The purpose of this experiment was to determine the toxicity threshold of bleach on wheat.

I became interested in this idea because I love plants, I also know that my family uses bleach in our house, both when washing clothes and when disinfecting some items.  Water from the laundry goes into our septic tank and then into the drain field.  I wondered if that could hurt trees and other plants in our yard.  Bleach sprayed inside the house as a disinfectant could get into the air and possibly hurt houseplants.  I especially wanted to know how much bleach was too much for the plants to tolerate.

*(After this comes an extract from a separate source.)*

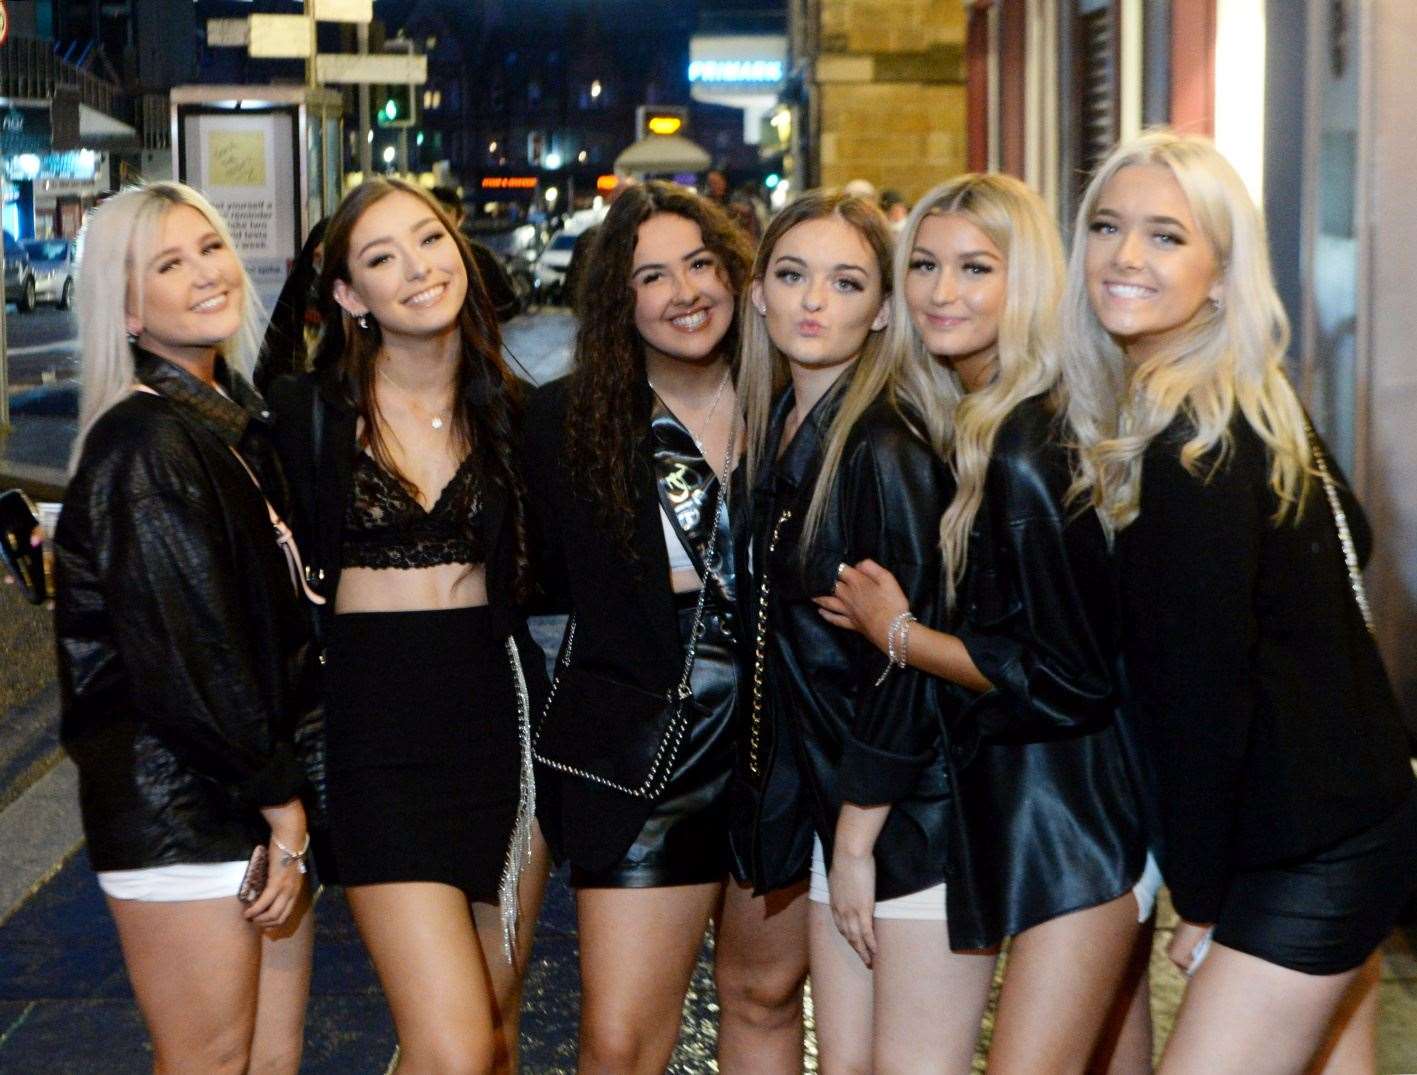 Lauren Maciver (3rd from left) celebrating her 18th birthday with friends. Picture: James Mackenzie.

The information gained from this experiment could help farmers, the wheat processing industry, and families, because most eat a lot of wheat in everyday life. It would also warn users of bleach, especially industries like paper mills, about discharging bleach into the environment. 

HYPOTHESIS

My first hypothesis was that 10,000 ppm or 1.0 % bleach would meet the LC50 (50% die) toxicity level.

My second hypothesis was that 625 ppm or .0625% bleach would not meet the LC50 toxicity level.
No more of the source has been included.